The term dysgraphia has customarily been used to refer to a disorder of written language expression in childhood as opposed
to a disorder of written language acquired in adulthood. Written language disorders have also been referred to as
"developmental output failures."
Difficulties in writing have an adverse impact on academic achievement in school and subsequently on business and industry. It
is currently estimated that dysgraphia costs American industry and business $30 billion per year.
Written language is the graphomotor execution of sequential symbols to convey thoughts and information. Since writing
represents the last and most complex skill to develop, it is the most vulnerable to insult, injury and adverse genetic
influences (Deuel, l994).
Multiple Brain Mechanisms
Writing represents a highly complex neurodevelopmental process which involves multiple brain mechanisms. It requires the
simultaneous and sequential integration of attention, multiple information sources, memory, motor skill, language, and higher
cognition.
Gross and fine motor coordination, motor memory, and "kinetic melody" (a term coined by Luria to reflect the automatic
rhythm in the physical act of writing), require balancing, flexing, and contracting movements as well as simultaneously stimulating
some muscle groups while inhibiting other muscle groups.
In order to self-monitor writing output, visual, proprio-kinesthetic, automatic motor memory and
revisualization feedback mechanisms must be engaged.
Visual feedback mechanisms include eye-hand coordination and visual-fine motor integration.
Proprio-kinesthetic feedback mechanisms include awareness of the movement and location of the fingers in space, internal
monitoring of rhythm and rate, and pencil grip.
Motor memory feedback mechanisms include motor plans or engrams, visual-fine motor coordination to produce symbols,
sequentialization, speed, and accuracy.
Revisualization feedback mechanisms include visual memory for symbols, whole word memory, visual attention to detail and
spelling.
All of these skills require developmental readiness and can be improved with practice.

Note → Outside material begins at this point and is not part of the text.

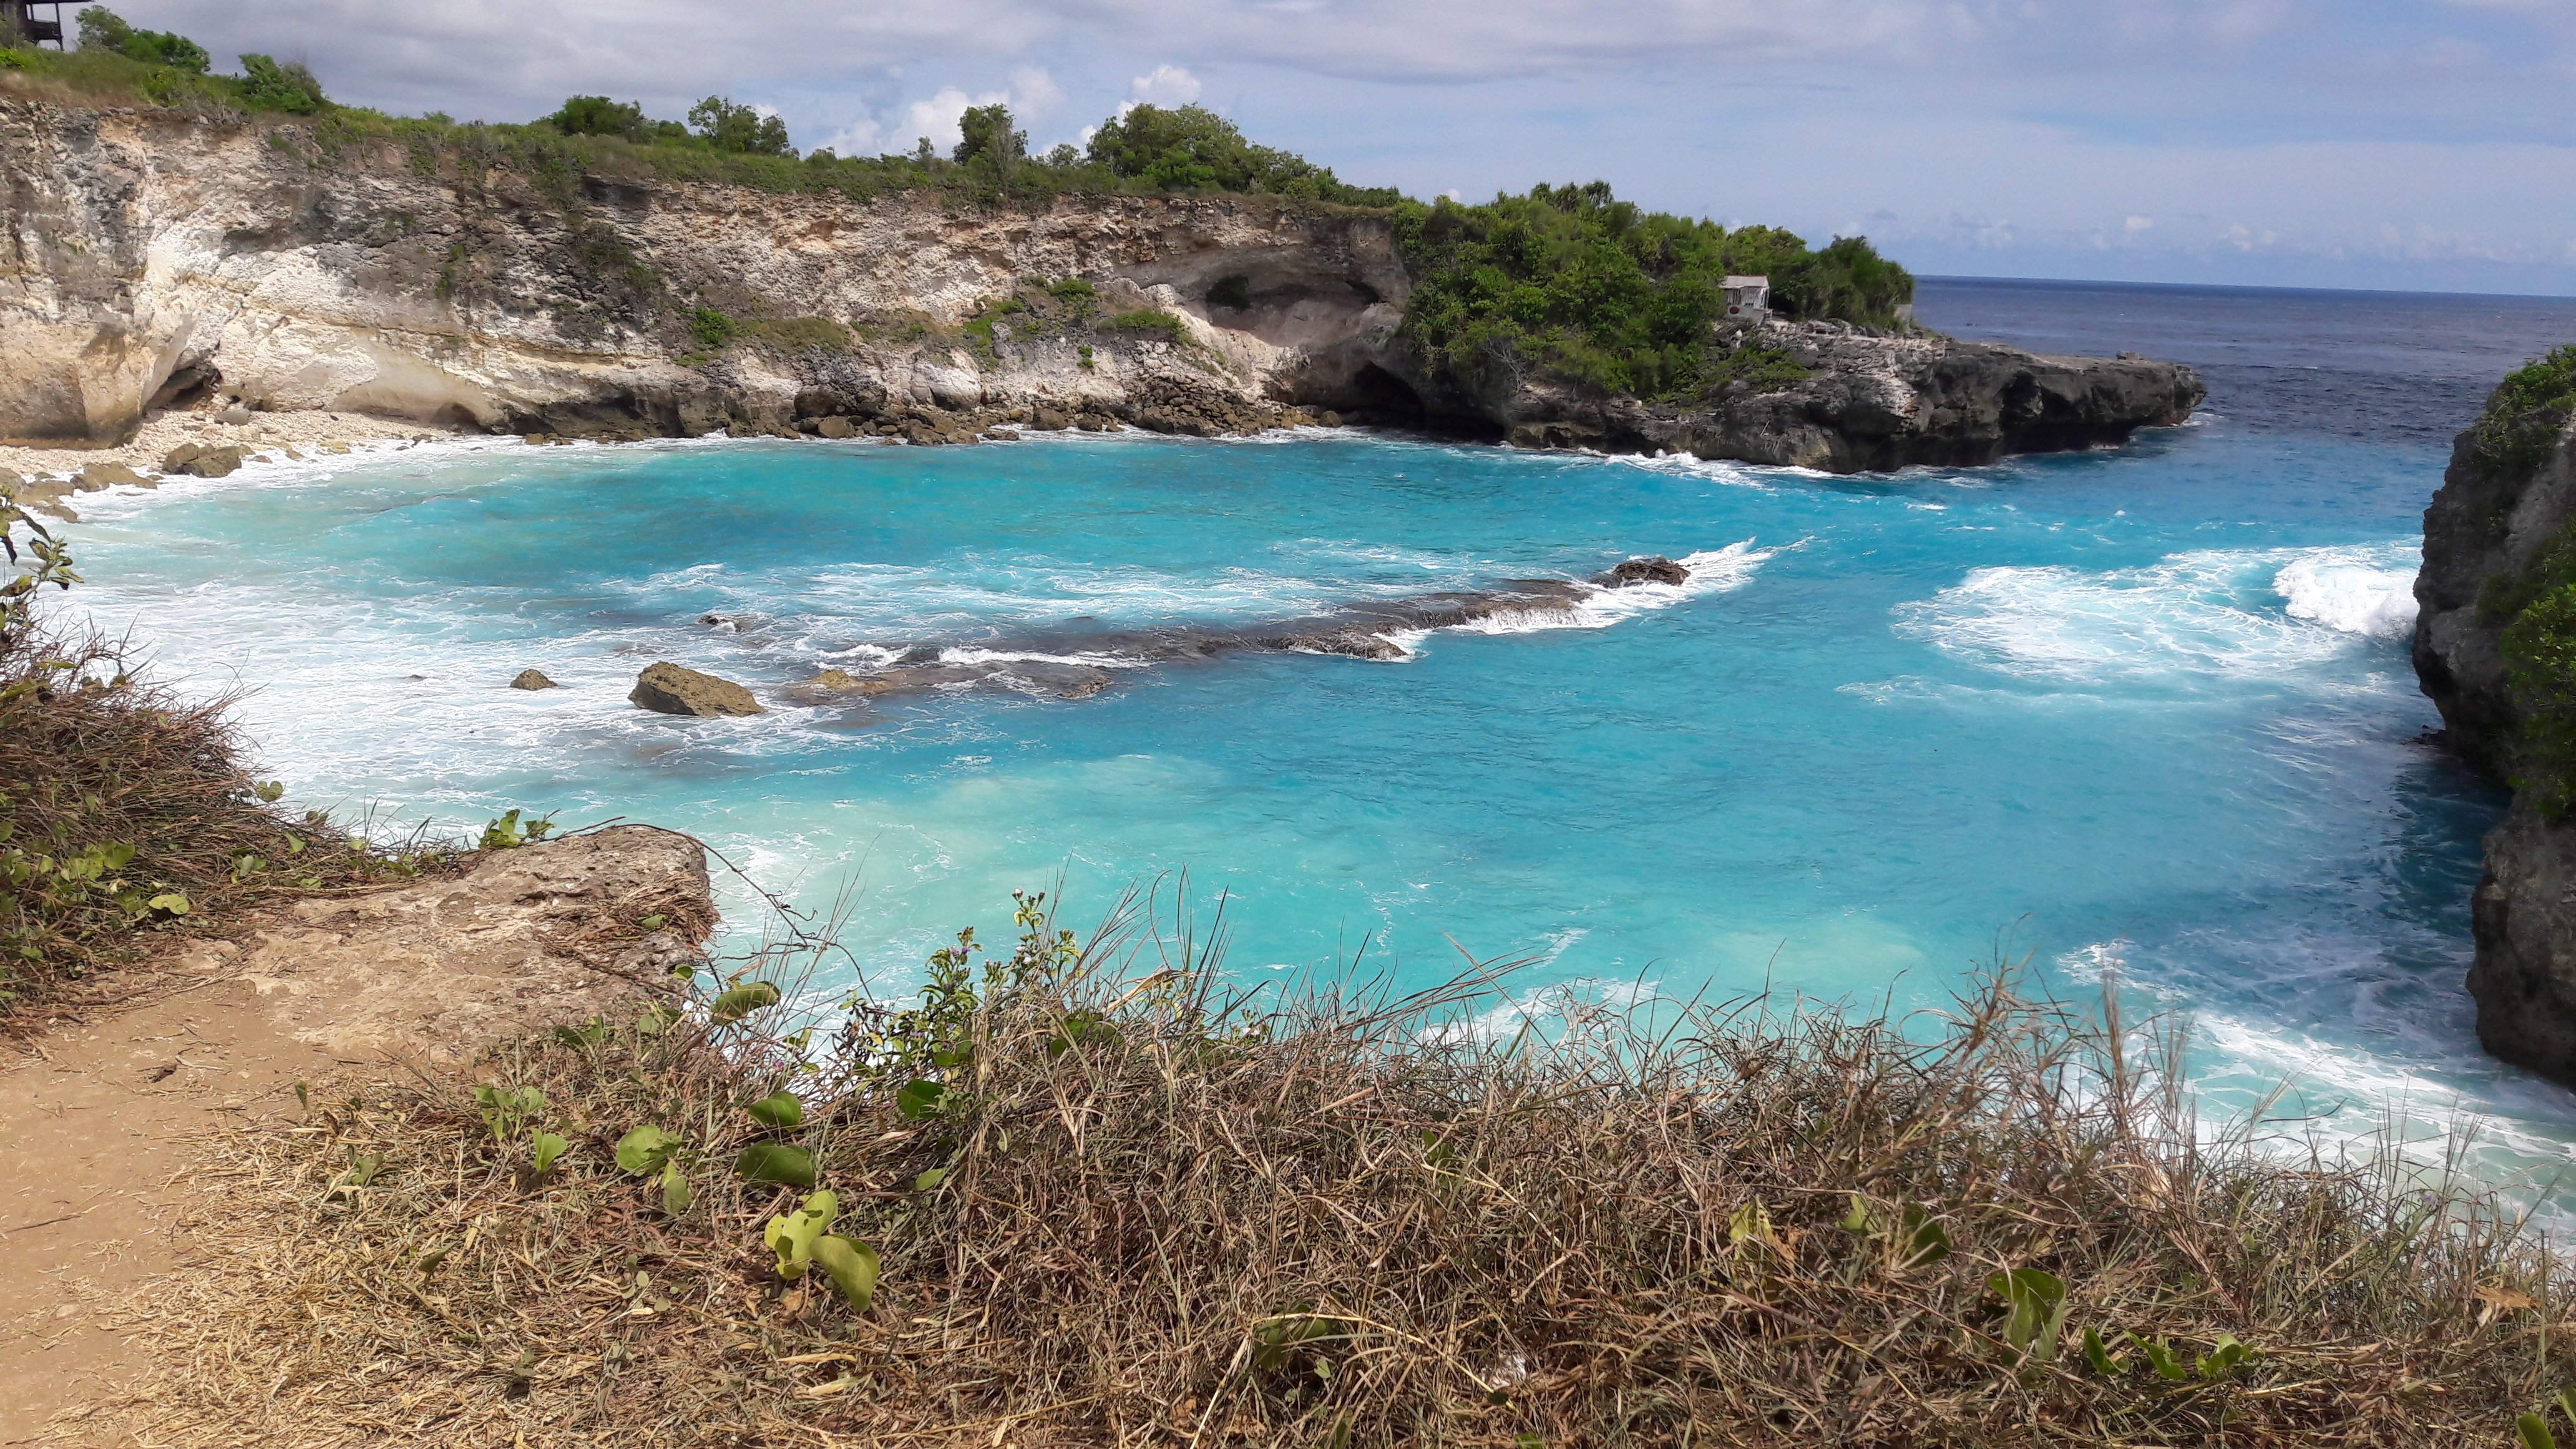 File:Blue Lagoon,Nusa Lembongan-Bali.jpg - Wikipedia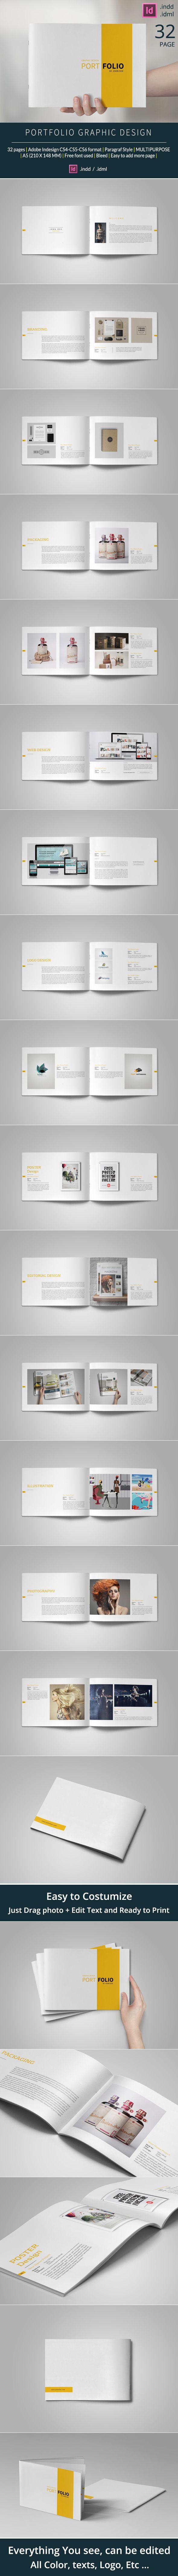 Best 25 Graphic Design Cv Ideas On Pinterest Resume Design

Requirements for Written Language
The primary requirements for written language include:
An intact central nervous system
Intact cognitive ability
Intact language skills (both receptive and expressive)
Motivation
Skill development
Practice, and
Emotional stability.
Secondary written
language requirements include:
Concepts of organization and flow
Writing skill
Spelling skill
Syntax and grammar knowledge
Mechanics, productivity, accuracy
Visual and spatial organization
Simultaneous processing
Revisualization, and
Automatization.
Dysgraphia Classification Systems
Dysgraphia is often classified as either specific or non-specific (Deuel).
Specific dysgraphia results from spelling disabilities, motor coordination problems, and language disabilities such as aphasia. The components of motor dysgraphia are
sometimes related to anatomical problems, executive dysfunction, motor planning deficits, and visual-spatial perception
problems.
Non-specific dysgraphia may result from mental retardation, psychosocial deprivation, or poor school attendance. Some
children do not develop adequate handwriting skills because they have not received enough instruction in written language.
Deuel has divided dysgraphia into three subtypes:
Dyslexic dysgraphia, in which spontaneously written text is poorly legible and spelling is severely abnormal. Copying of written text is
relatively preserved, however, and fine-motor speed is generally normal;
Dysgraphia due to motor clumsiness, associated with poorly legible spontaneously written text, preserved spelling, and poorly
legible copying of written text. Fine-motor speed in such cases is also generally
abnormal; and
Dysgraphia due to a defect in understanding of space, associated with poorly legible spontaneously written text, preserved
spelling, poorly legible copying of written text, and normal fine-motor speed.
Assessment Issues
There are a variety of assessment issues, which must be addressed in
evaluating disorders of written language. These include the various characteristics of the dysgraphic writer, such as fine-motor/writing speed,
attention and concentration, writing organization, spelling, knowledge and use
of vocabulary, language expression, and perception of details.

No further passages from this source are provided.